Partageant la « riche tribune, avec un bel aréopage que peu d’associations dans le Var peut rassembler », selon le maire de Figanières Bernard Chilini, Philippe Laureri prend plaisir à mesurer une fois encore le fort soutien, unanime, de tous les partenaires. Soutien moral, évidemment, mais surtout financier, puisqu’il s’agit bien du nerf de la guerre, par exemple du conseil régional, du conseil départemental, de l’État, ou encore d’Enedis qui profitait de l’occasion pour renouveler une convention avec l’association. « Vous êtes les yeux du distributeur d’électricité » résumait Nathalie Alexandre, directrice varoise de l’entreprise.

« C’est beau une salle pleine de bénévoles, qui donnent de leur temps pour les autres, et pour le patrimoine forestier », estimait Bernard Chilini. L’ensemble des interlocuteurs institutionnels présents tient à exprimer des compliments – bien légitimes – à l’endroit de l’auditoire composé de centaines de femmes et d’hommes en orange. « Votre engagement bénévole sauve des hectares, des biens, et parfois aussi des vies », résume par exemple Guillaume Anton, directeur de la Cofor-Alec 83.

Le colonel Philippe Raison, directeur adjoint du service d’incendie et de secours du Var, loue la « complémentarité essentielle » entre les sapeurs-pompiers et les CCFF. Notamment « l’importance fondamentale de leurs compétences en matière de guidage et de logistique, en cas de sinistre. » Plus largement, l’officier vante le rôle d’ambassadeur de la culture du risque des CCFF au plus près de la population. « Nous savons que nous aurons un jour ou l’autre des feux hors normes. Et face à cela, il n’y a qu’un seul élément efficace, c’est la résilience des territoires, notamment pour le respect des obligations légales de débroussaillement. Chacun doit se poser cette question : ‘Mon habitation est-elle défendable ?’ »

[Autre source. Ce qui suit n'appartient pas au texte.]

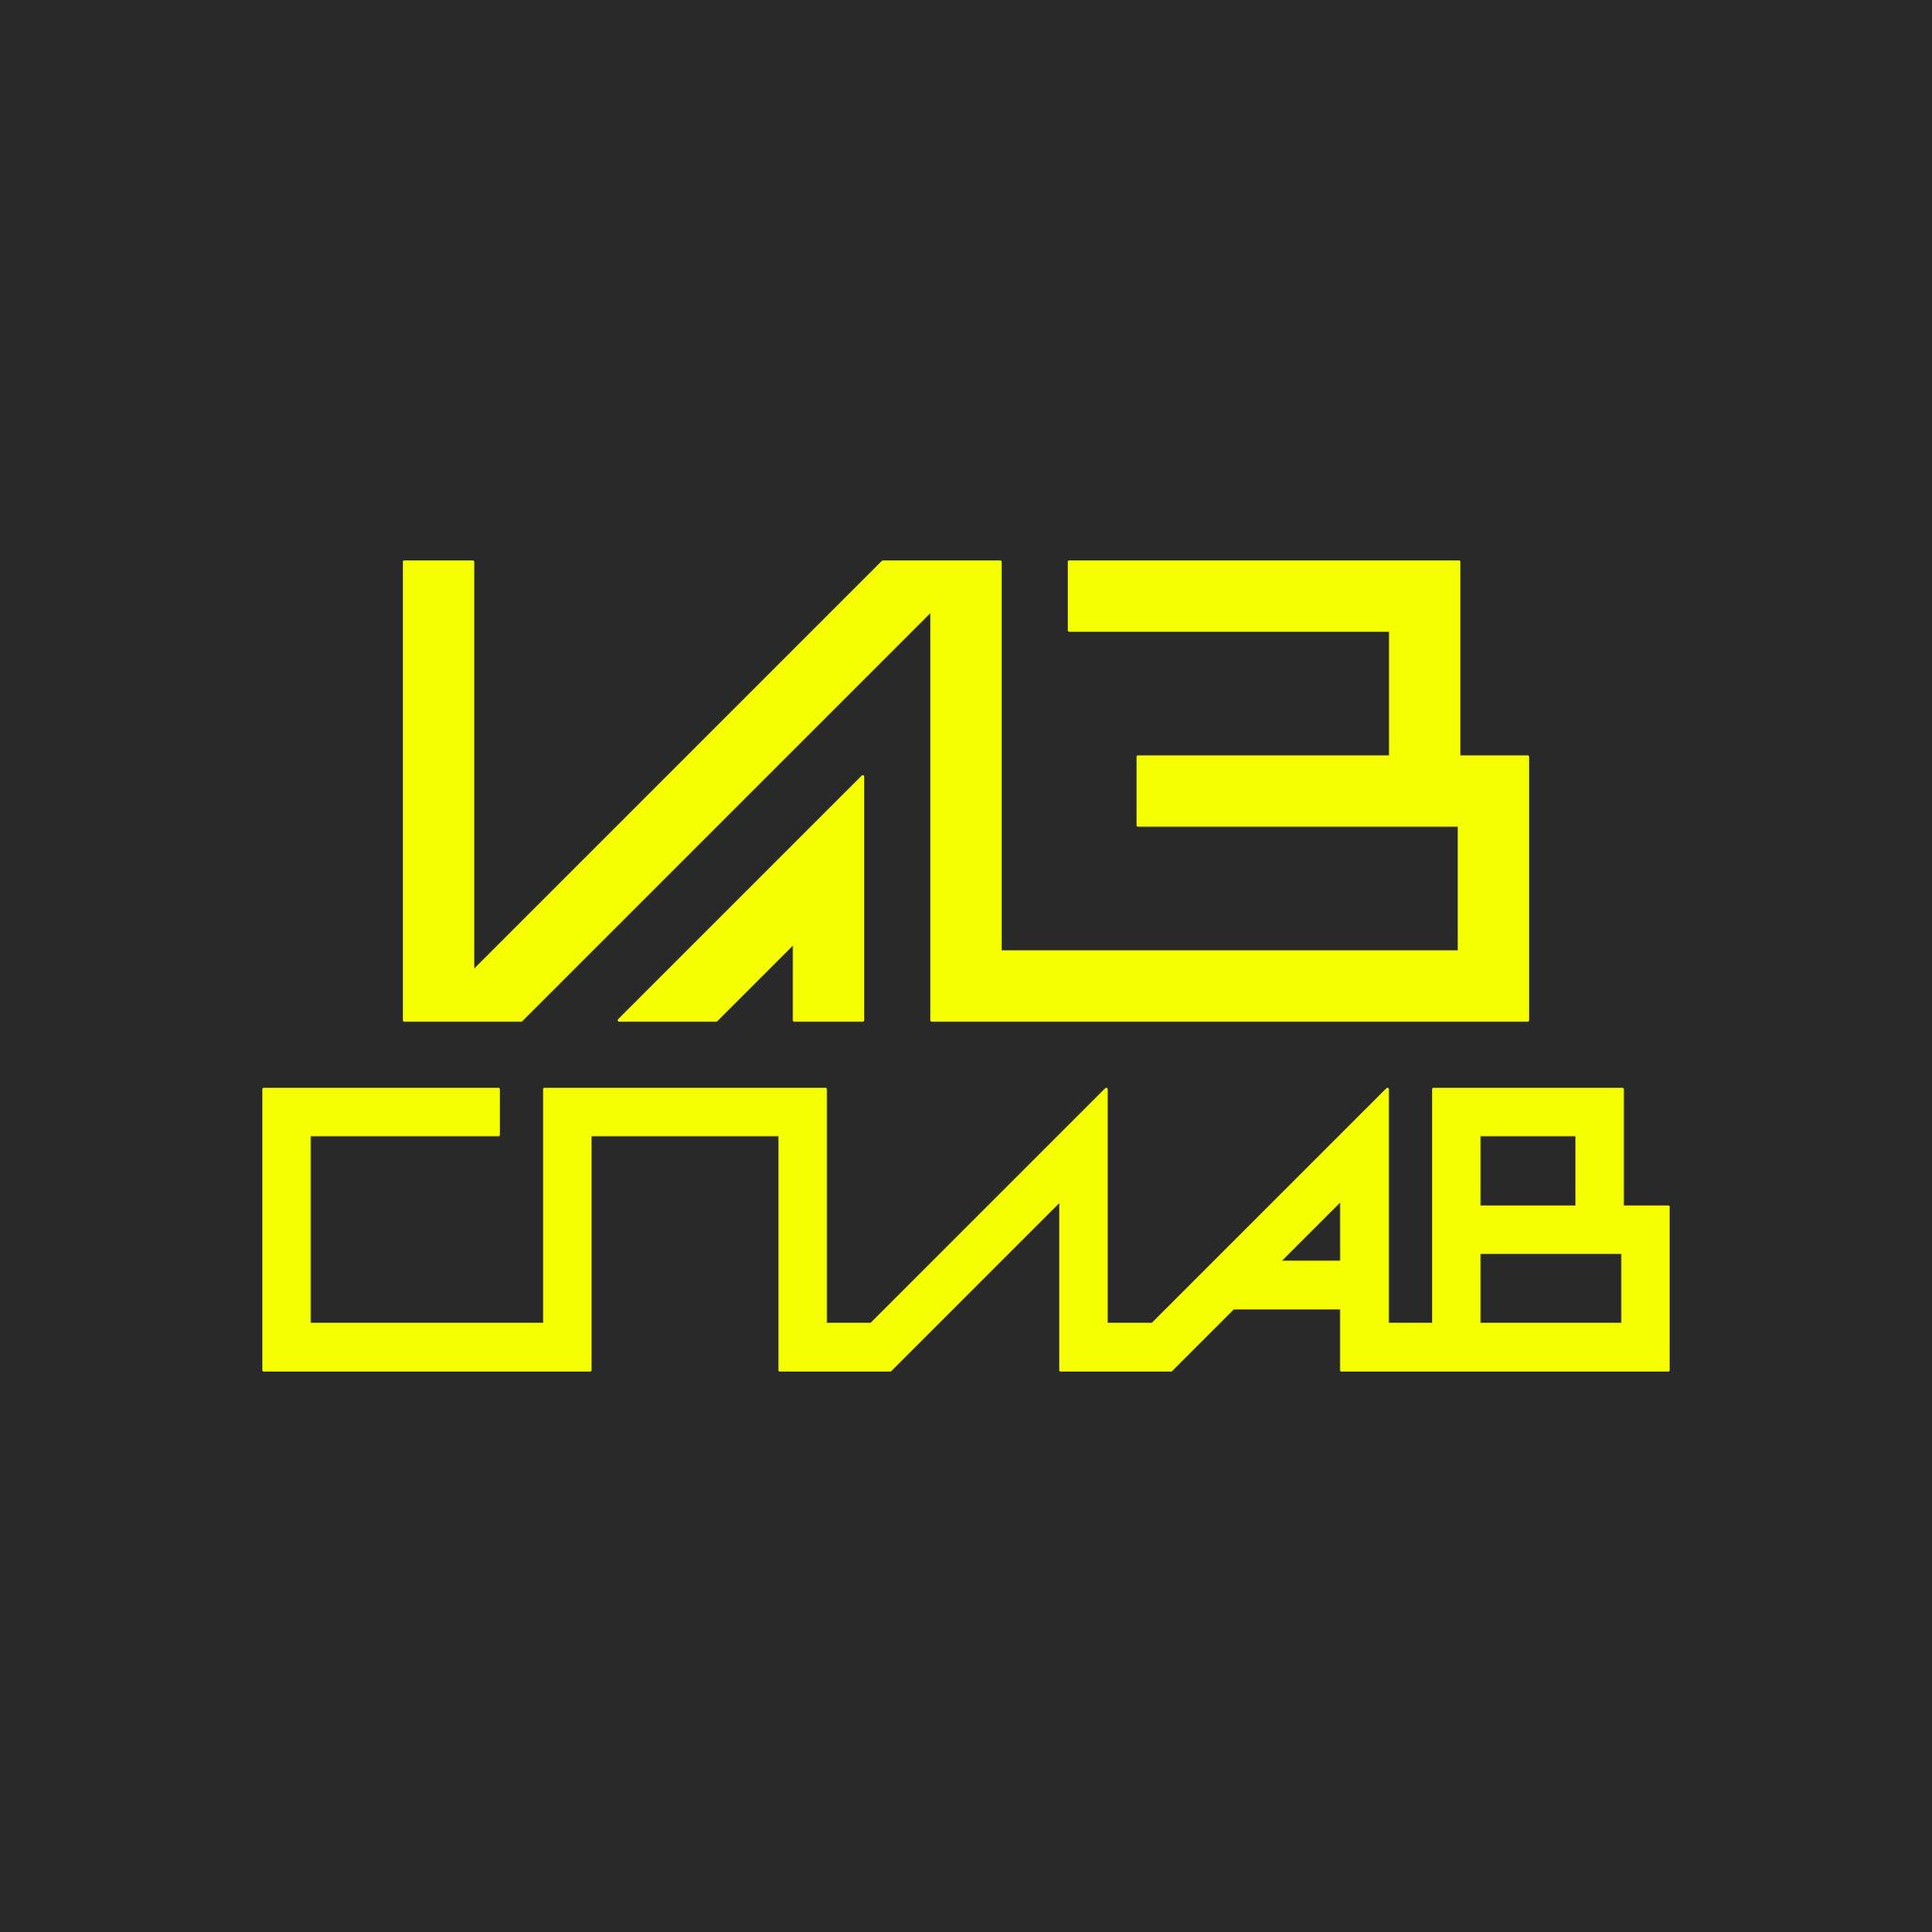 Разработать логотип для литейного завода фото f_0935af954f92ce4b.png

Dominique Lain, président du Sdis et maire du Luc, pointe comme tant d’autres le caractère bénévole de cette armée orange : « Il s’agit d’une vraie richesse, qui se raréfie, celle de ces hommes et femmes, qui ont des valeurs, et qui donnent ce qu’ils ont de plus précieux : de leurs temps. » Les deux parlementaires présentes, Françoise Dumont et Julie Lechanteux, ne dénotent pas et entendent bien porter jusqu’à Paris « la cause » des CCFF.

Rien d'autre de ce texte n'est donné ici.